Good Bloomburg report on the vast wealth at the top end of the National People's Congress here. I'm disappointed they don't have statistics for the median NPC and median US Congress level, though, which I suspect would look a lot more even.
The NPC is probably the least meaningful way in which the super-rich exert power, though; it's icing on the cake, plus, as Victor Shih points out in the article, an extra layer of political protection. The NPC very rarely does anything in the way of actual lawmaking - hell, it only meets for 2 weeks a year, and the members aren't salaried. The Chinese People's Political Consultative Conference, its "advisory" little brother that meets at the same time (the "Two Sessions"), does even less.
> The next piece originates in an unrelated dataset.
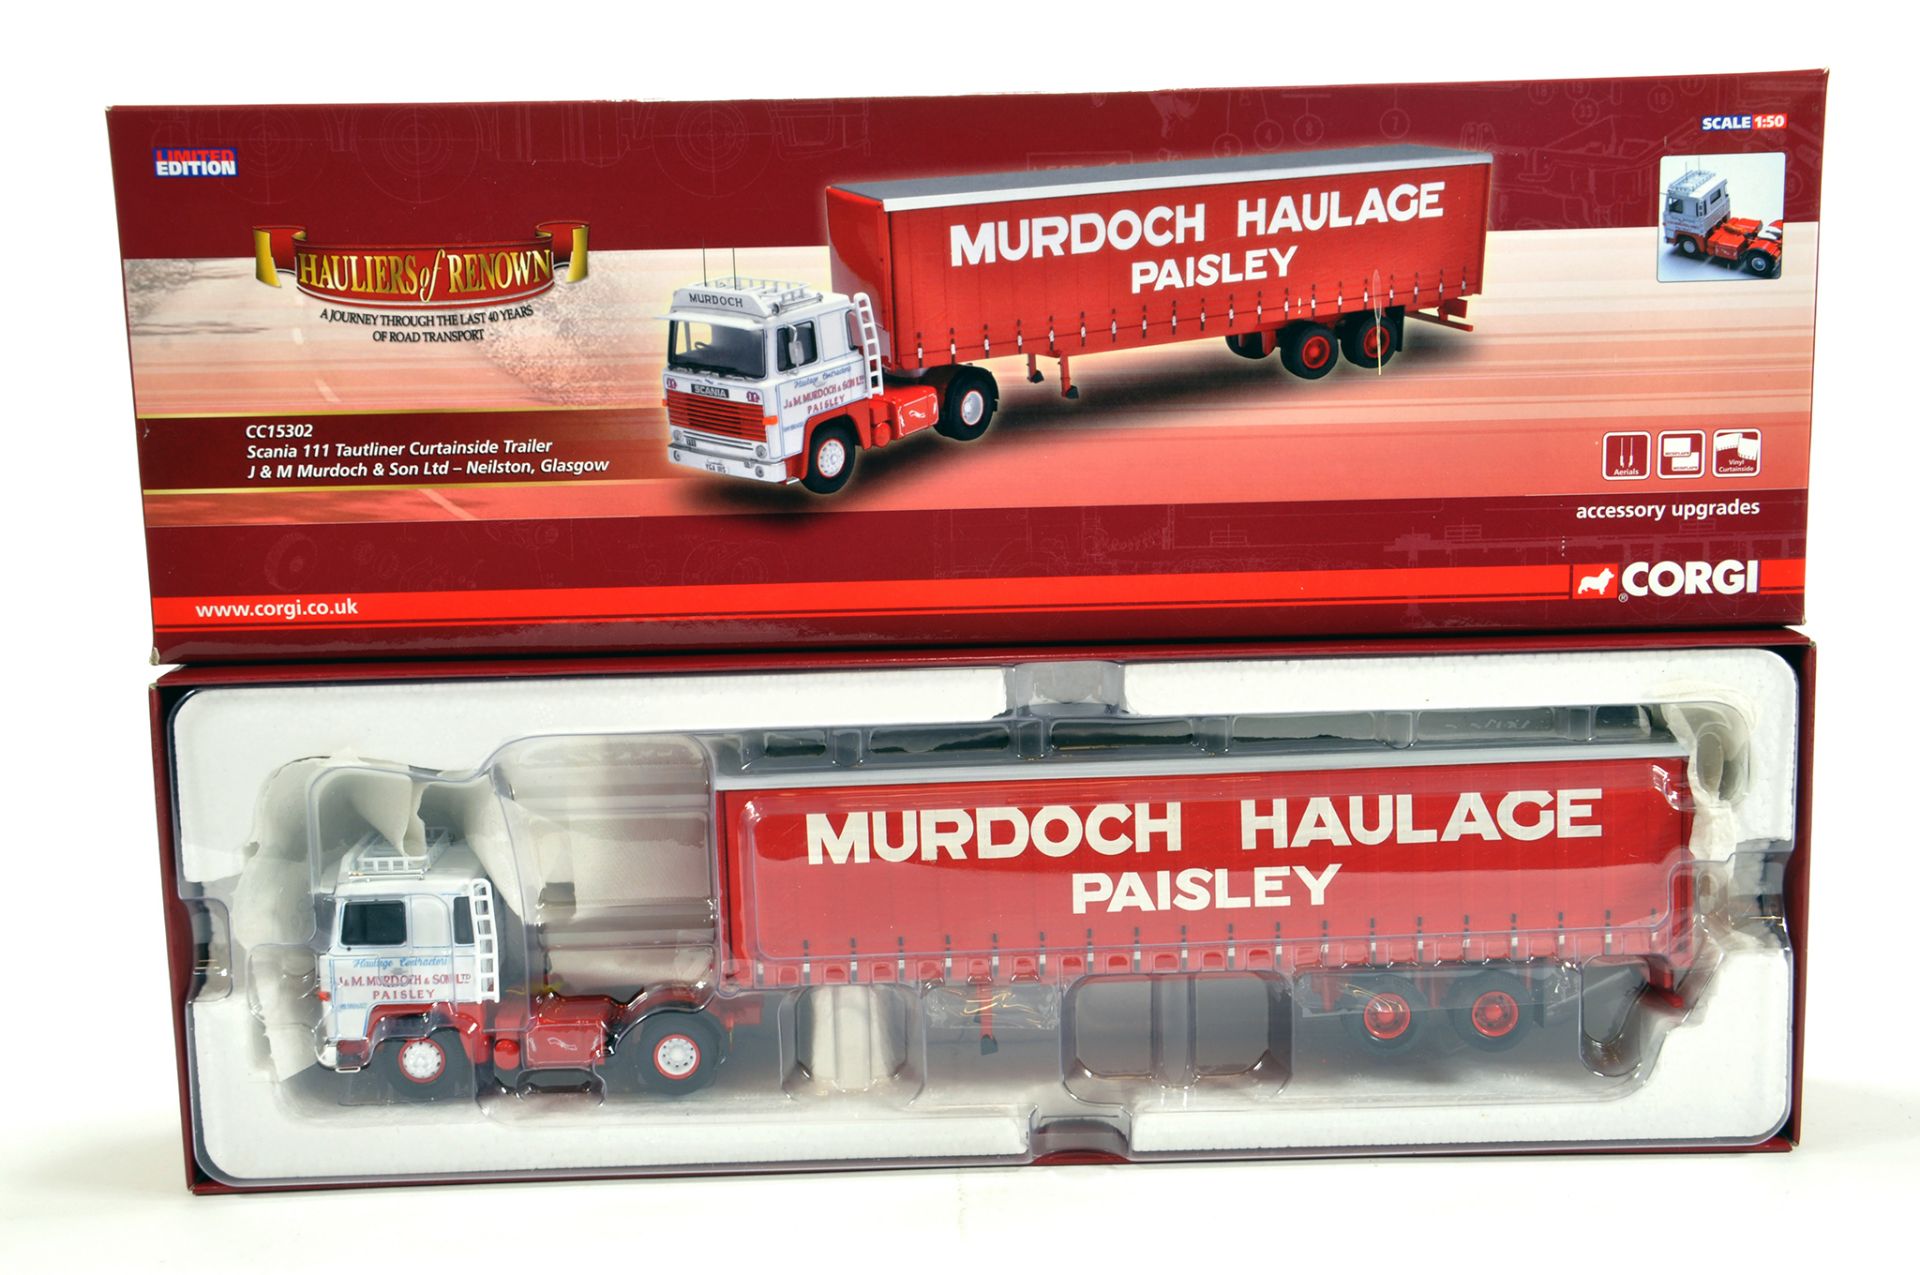 Corgi 1/50 Diecast Truck Issue Comprising No. CC15302 Scania 111 Curtainside in livery of J&M

So what actually happens at the Two Sessions? Well, it's essentially a big conference. So like any effective conference, academic, NGO, business, all the actual meaningful work and decisions have been arranged long beforehand. So the members basically behave like attendees at any conference.
They network, and catch up with old conference buddies. It looks good on their CVs. They use it as a junket and skip the sessions to go sight-seeing. They use it as a platform to promote their worthy causes or crackpot views. Want to argue that the moral decline of Chinese society is because of the abandonment of the eight-legged essay? This is the place to do it. They find out about new sources of funding, and work out business deals. And they get the chance to access the center of power; the geographical and political distance to Beijing is still a vital part of Chinese politics.
The one thing that doesn't happen often, as far as I know, is conference hook-ups (hookers are a different matter ...), not least because only about 20 percent of the delegates are female. Though I do like to think that for at least some secretly gay members, the Great Hall of the People is their Brokeback Mountain.